104.8 | The annual optimism index for the entire year of 2017
104.6 | The previous record high was 104.6 set in 2004

“We’ve been doing this research for nearly half a century, longer than anyone else, and I’ve never seen anything like 2017,” said NFIB Chief Economist Bill Dunkelberg. “The 2016 election was like a dam breaking. Small business owners were waiting for better policies from Washington, suddenly they got them, and the engine of the economy roared back to life.”

According to NFIB, the driver of record optimism in 2017 was the expectation of better economic policies from Washington. “The lesson of 2017 is that better policies make for better economic results,” said NFIB CEO Juanita Duggan. “The evidence is overwhelming that small business owners pay close attention to Washington, and that federal policies affect their decisions on whether to hire, whether to invest, whether to grow inventory, and whether to seek capital.”

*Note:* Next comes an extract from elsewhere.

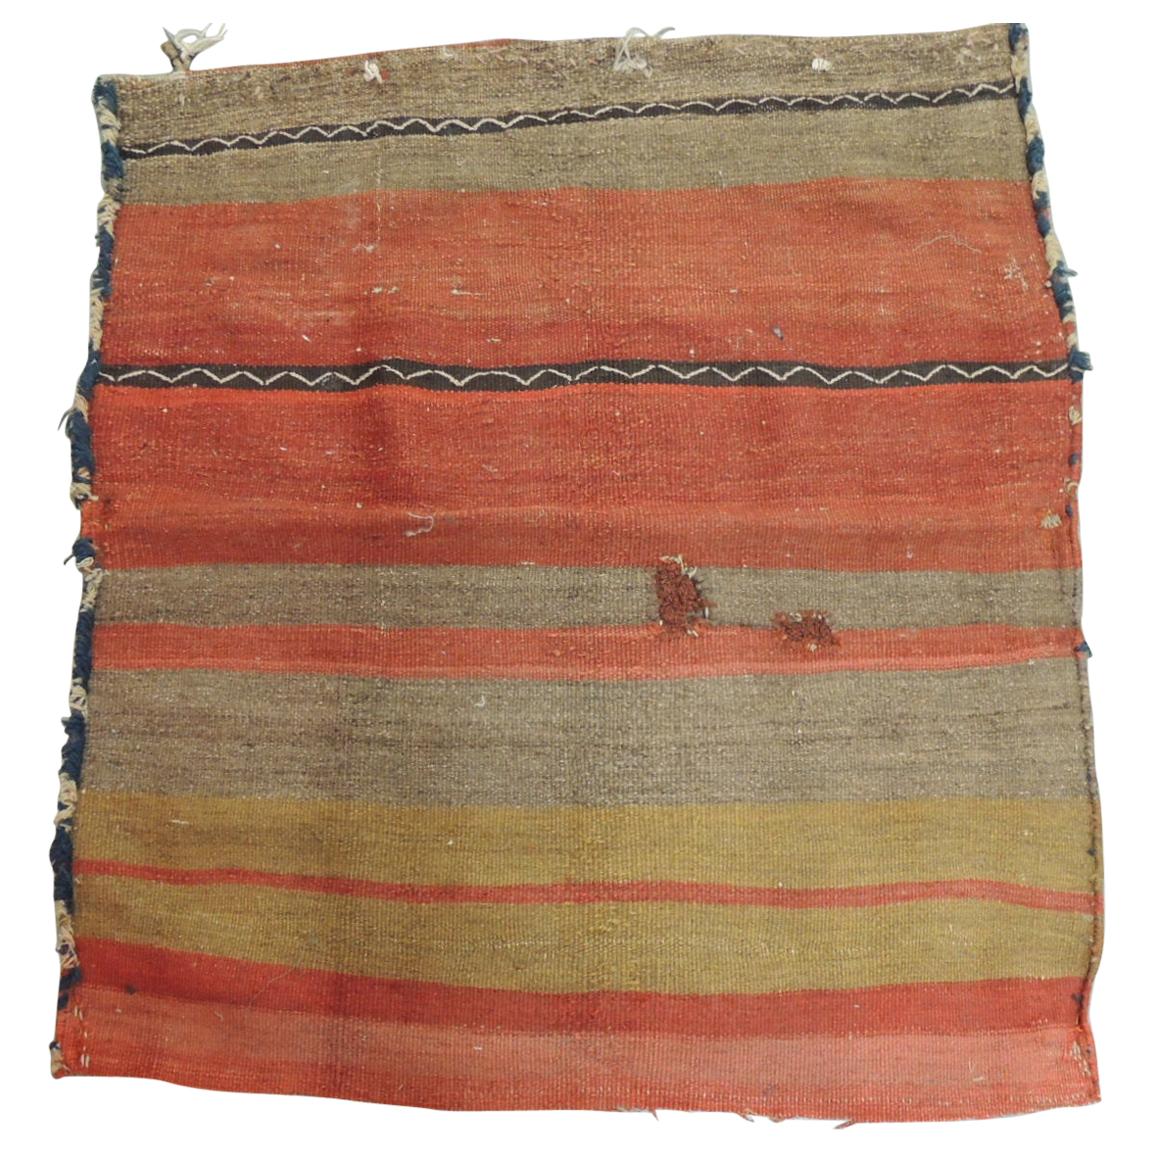 Vintage Orange and Red Kilim "Mafrash" Grain Sack Fragment

Two of the December components posted gains, five declined, and three remained unchanged. Moving the Index moderately lower were declines in Expected Better Business Conditions (11-point decline) which tends to fluctuate sharply and Inventory Plans (8-point decline). However, small business owners were bedeviled by a labor shortage in 2017 that grew more intense as optimism rose. The monthly NFIB Jobs Report last week showed that problem reaching record levels.

“There’s a critical shortage of qualified workers and it’s becoming a real cost driver for small businesses,” said Dunkelberg. “They are raising compensation for workers in order to attract and keep good employees, but that’s a positive indicator for the overall economy.”